У меня, пел Кул под сочувственные кивки Махися, нет ни жены, ни познанных или вожделеющих меня красавиц, ни лука, ни коня, ни степи, ни отца, ни матери, ни рода, ни надежды получить их. Я сам, пел Кул, отказался от жизни мары, я не мары, но и жизни кучника мне не видать, нет степи рядом, нет меня в степи, и не уверен я, что сам я степняк, что степь примет меня, что я выживу в степи хотя бы один день и хотя бы одну ночь.
Каждый день я смотрю в небо и каждую ночь я смотрю в небо, пел Кул, и я не вижу небо таким, каким оно должно быть, я не вижу небо таким, какое оно на самом деле, здесь оно скрыто, заложено, объедено деревьями, утесами и холмами, здесь огромный глаз неба скрыт, залеплен, близорук и обманут, и не будет детям неба свободного вздоха и свободного взмаха, пока они не вырвутся из этого плена, вырваться из которого невозможно.
Я не знаю, пел Кул, что теперь делать, и спросить мне некого. Раньше я мог спросить Арвуй-кугызу, а теперь он ушел, и его уход проделал в моем мире дымящуюся дыру, большую, почти как небо, такую огромную, что дыра вылезла из моего мира в общий, поэтому с самого рассвета от Вечного леса тянет дымом и гарью. Полмира провалилось в эту дыру, лучшая половина мира, и мне придется жить, пел Кул, в оставшейся, дымящейся и горькой, половине, в которой никто не поможет даже советом, в которой никто не знает твоих песен и твоего языка, в которой никто не понимает твоих мыслей и чувств, да и сам ты их толком не знаешь и не понимаешь.

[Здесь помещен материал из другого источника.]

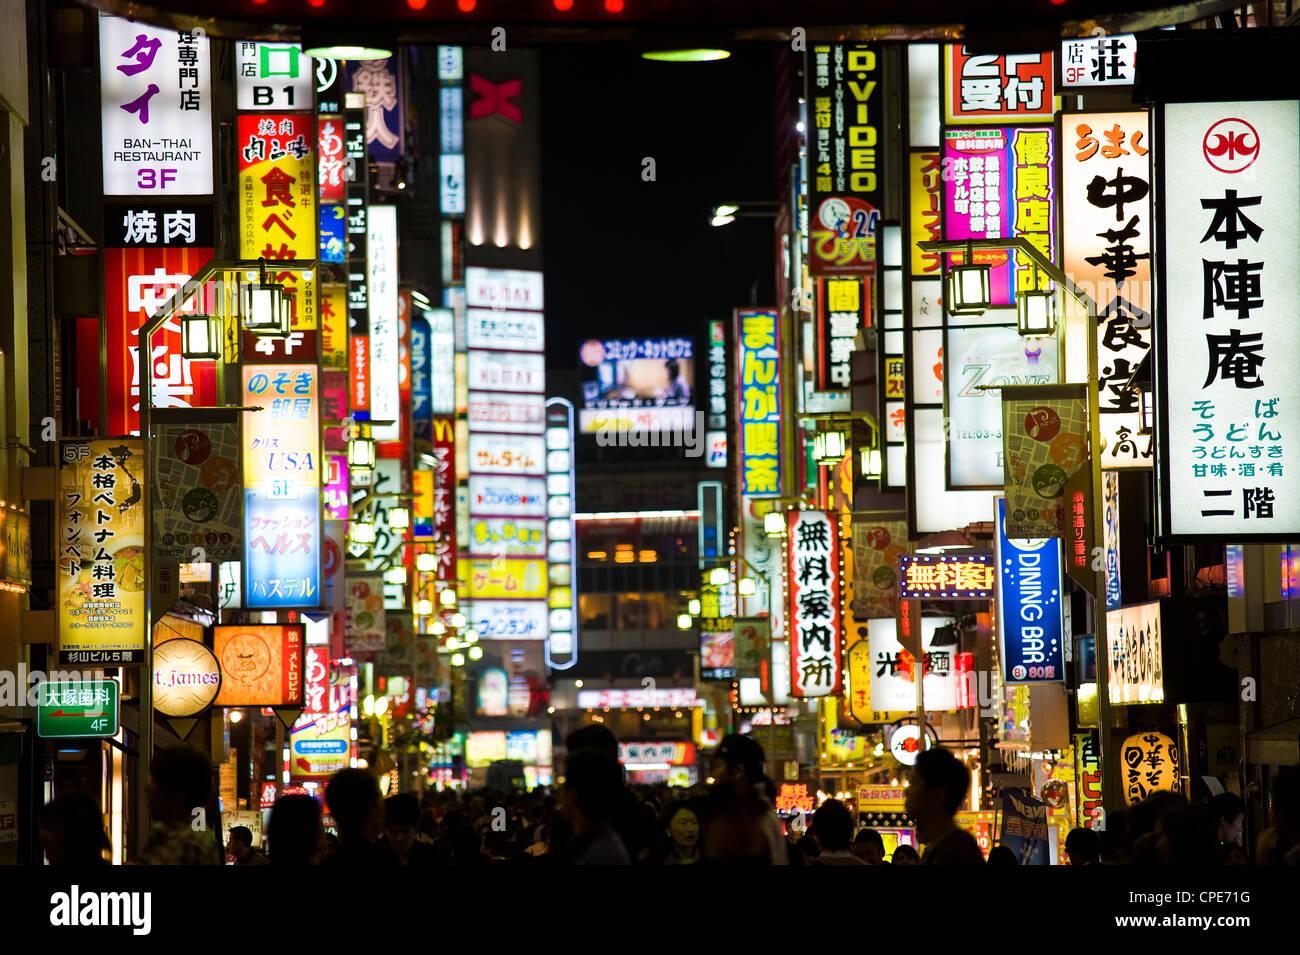 Las señales de neón, Kabukicho, Shinjuku, Tokio, Japón, Asia Imagen De Stock

Тут Махись мог и обидеться, потому что он-то многое понимал, но не обиделся, потому что не услышал. Не было его ни по левую, ни по правую руку, ни за костерком. Махись частенько исчезал вдруг и без причины. Но не средь бела дня же, сообразил Кул, запоздало обернулся и оборвал песню.
К костру шли трое, все млады: птаха, крыл и птен. Точнее, четверо. Четвертая, нагловатая куница, мышковала вокруг, то опережая мары, то порская в сторону. Значит, птахой была угрюмая Гусыня Айви. Кул сразу узнал и шибко серьезного Озея. Птен был тоже из Перепелов, но имени его Кул не помнил.
Шли они от Верхнего бора. Туда, значит, перенеслись дуплом, мимо-то не проходили. Кул бы заметил, а Махись еще раньше.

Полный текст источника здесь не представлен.